Let’s start this story by reminding you about the Power10 chip, which is shown below with its core and uncore portions of the processor labeled:
We did a deep dive on the Power10 architecture back in August 2020, and have talked about how this is not the first Power10 design that IBM did – it looks like the third iteration as far as we can tell because of the failed 10 nanometer and 7 nanometer manufacturing processes from Globalfoundries and then the move to the Samsung foundry and its 7 nanometer processes. The resulting Power10 design, even if it is later to the field than IBM had planned, is probably more like what IBM might have done with the Power11 chip, particularly when it comes to the matrix math accelerators (MMAs) and memory encryption.
The Power10 chip has a completely redesigned core and a reimplemented and extended Power instruction set, which was created from the ground up to do more stuff, to do more complex stuff, and to do it burning less energy. The Power10 chip has a total of 16 cores, each with 2 MB of L2 cache and an 8 MB L3 cache segment that is proximate to it. The chip is organized into two “hemispheres” with eight cores and 64 MB of L3 cache each, but presents itself logically to the BIOS and operating system as a 16-core chip. Well, not exactly. Because IBM and Samsung knew that 7 nanometers was going to be tough when it came to chip yields, IBM is only selling machines that have 10, 12, or 15 cores activated, at base speeds of 3.65 GHz, 3.6 GHz, and 3.55 GHz, respectively.

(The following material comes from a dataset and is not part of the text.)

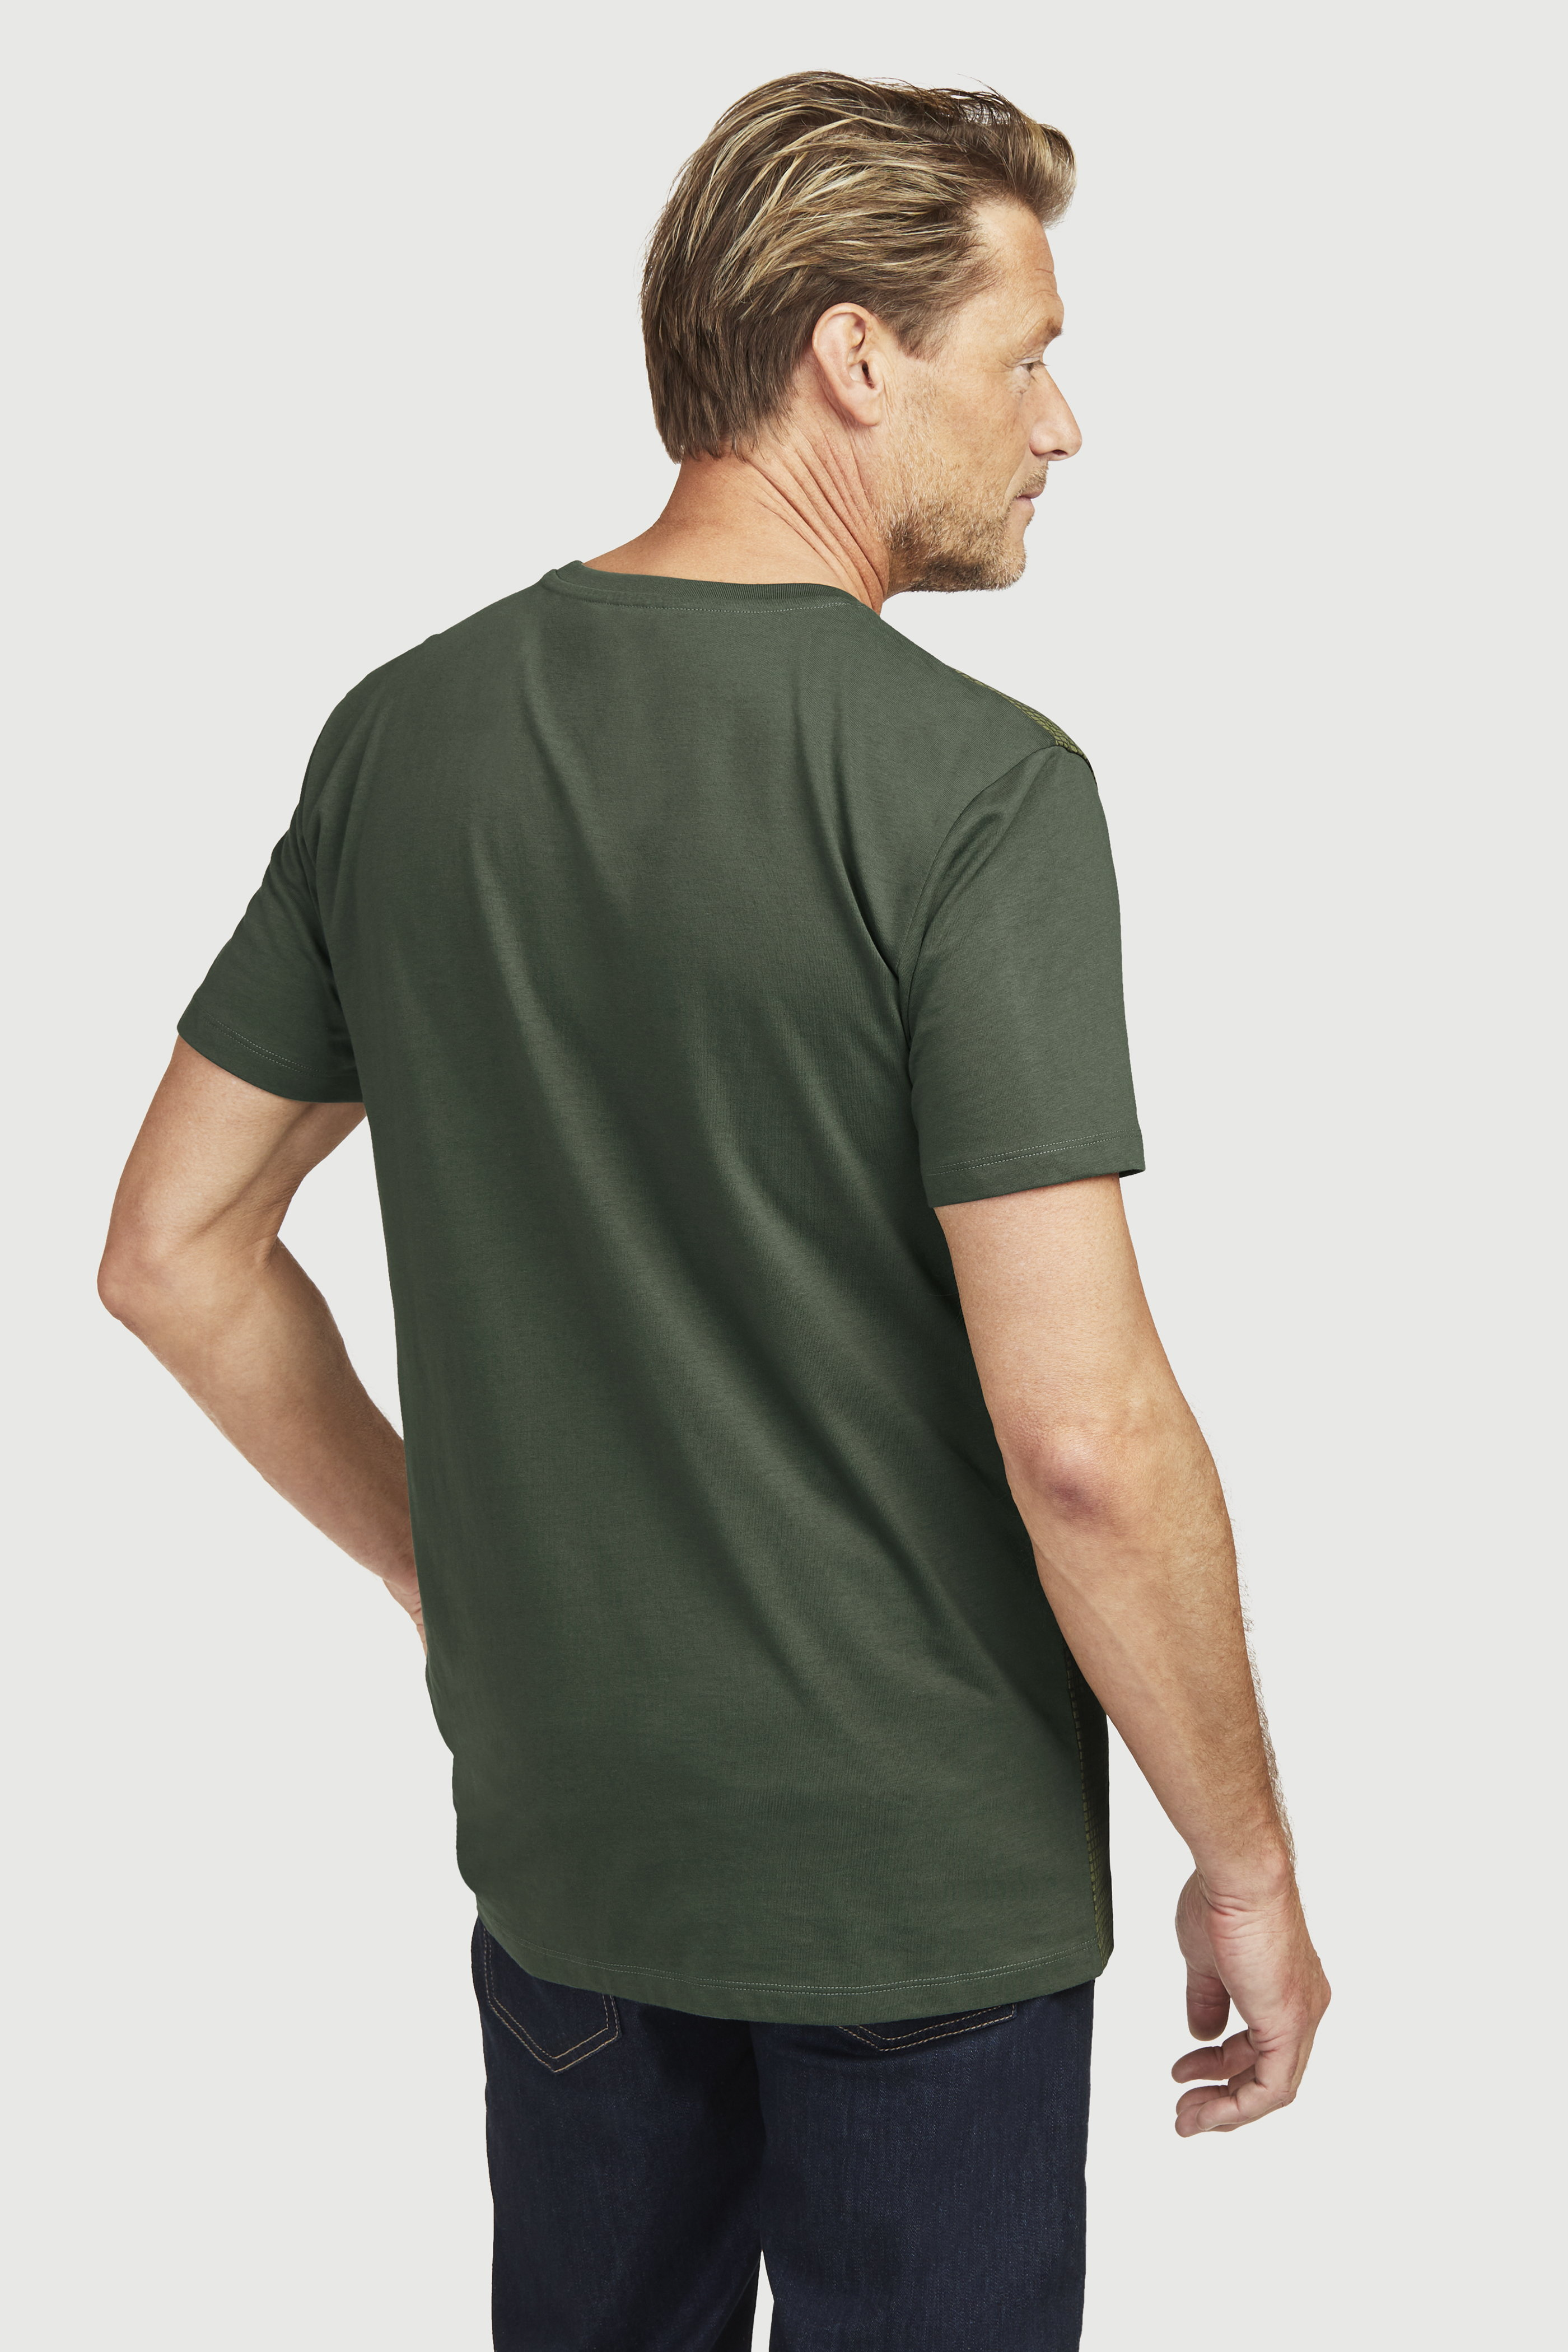 Ērts T-krekls no trikotāžas

The Power10 chip includes the new OpenCAPI Memory Interface (OMI) to DDR4 memory, which uses the same high speed signaling that is used for NUMA interconnects (IBM still calls it symmetric multiprocessing, or SMP, when it is really NUMA) and other accelerator interconnects that used to be called BlueLink but are now called PowerAXON. That OMI interface simplifies the IBM design and lowers power and chip edge length as well as chip surface area required compared to traditional DDR memory controllers, which is why IBM is doing something that is non-standard. (More on this in a moment.) The bottom of the chip has a pair of PCI-Express 5.0 peripheral controllers, which have double the bandwidth of PCI-Express 4.0 controllers, lane for lane.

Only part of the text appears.